Prejudice to employer
[35] The appellant submitted that extending the time limit to file an appeal will not prejudice the employer. Although I agree that granting an extension of time will not prejudice the employer in any substantial way, I cannot conclude that the appellant exercised sufficient due diligence in this matter to justify such an extension. In that regard I agree with my colleague’s reasoning in Alex Hoffman: “[…] the absence of actual prejudice would bear more weight, in my opinion had the appellant justified the delay by cogent and compelling explanations and diligent actions […]”.
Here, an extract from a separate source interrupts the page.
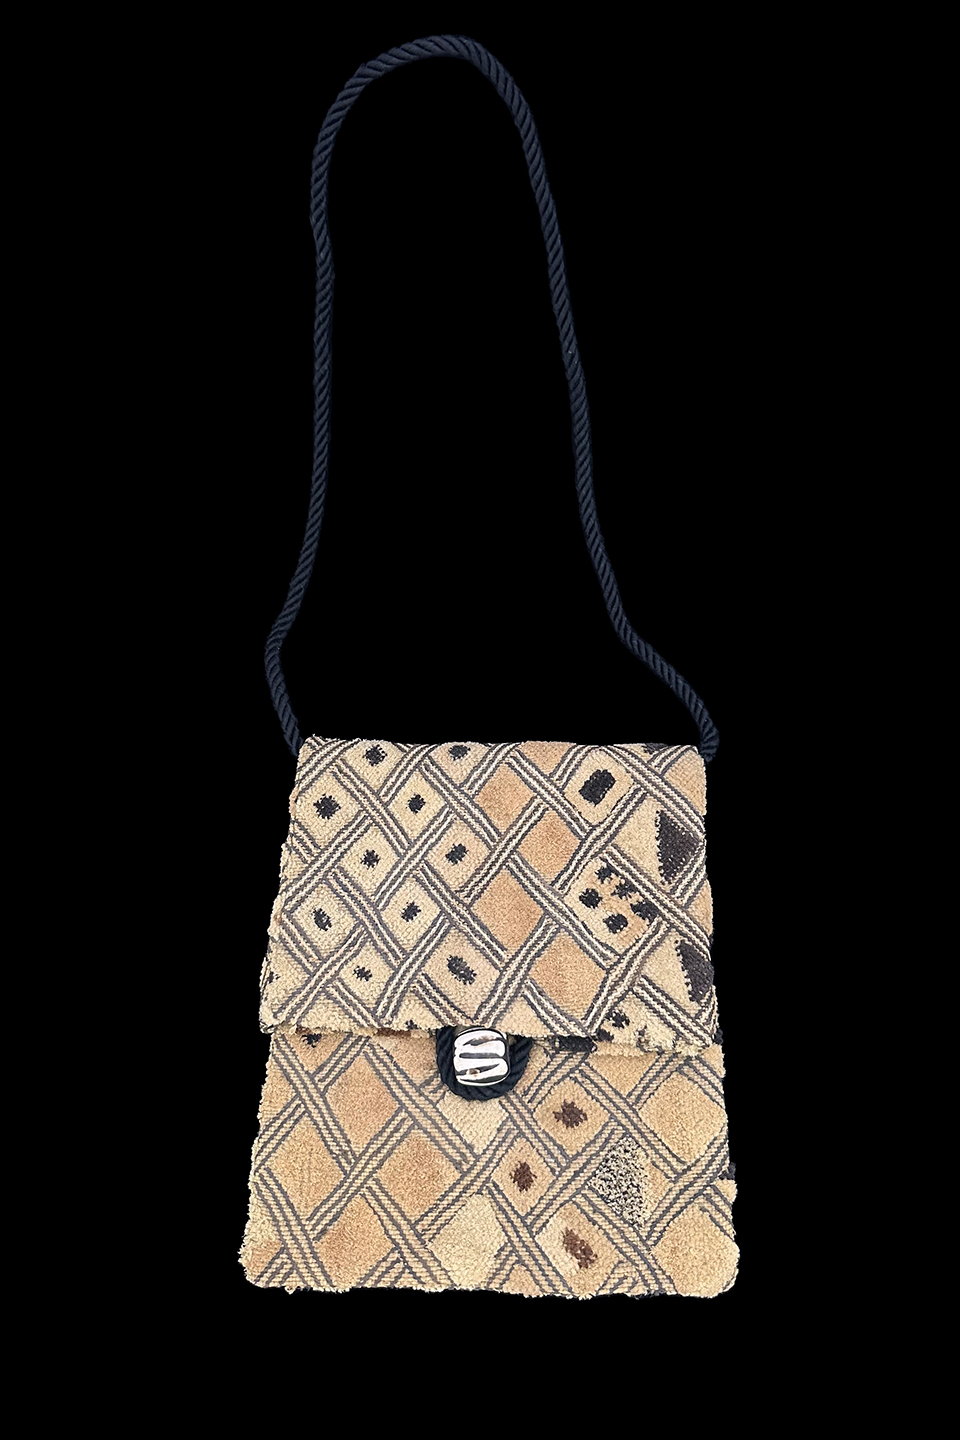 Purse/Handbag made with Kuba Cloth and a Batik Bone Closure

[36] As detailed above, I cannot conclude that Mr Bruce exercised diligent action in the matter, and thus the fact that there is no prejudice to the employer does not override the need for due diligence in order to grant the extension.
Conclusion
[37] I am therefore of the opinion that I should not exercise my discretion to grant the appellant’s request for an extension to file his appeal. The appellant’s family circumstances at the relevant time, while certainly stressful, did not seriously impede his ability to file an appeal within the 10-day time limit. Especially, given that the appellant was represented by his union representative and that, he, the union representative and counsel for the union were all aware of the right to appeal and the deadline to do so. Accordingly, I believe that the appellant had the means and opportunity to act diligently and ensure that the appeal was filed within the required timeframe.
Decision
[38] For these reasons, the request for an extension of time for filing the appeal is denied. As a result, the appeal is dismissed.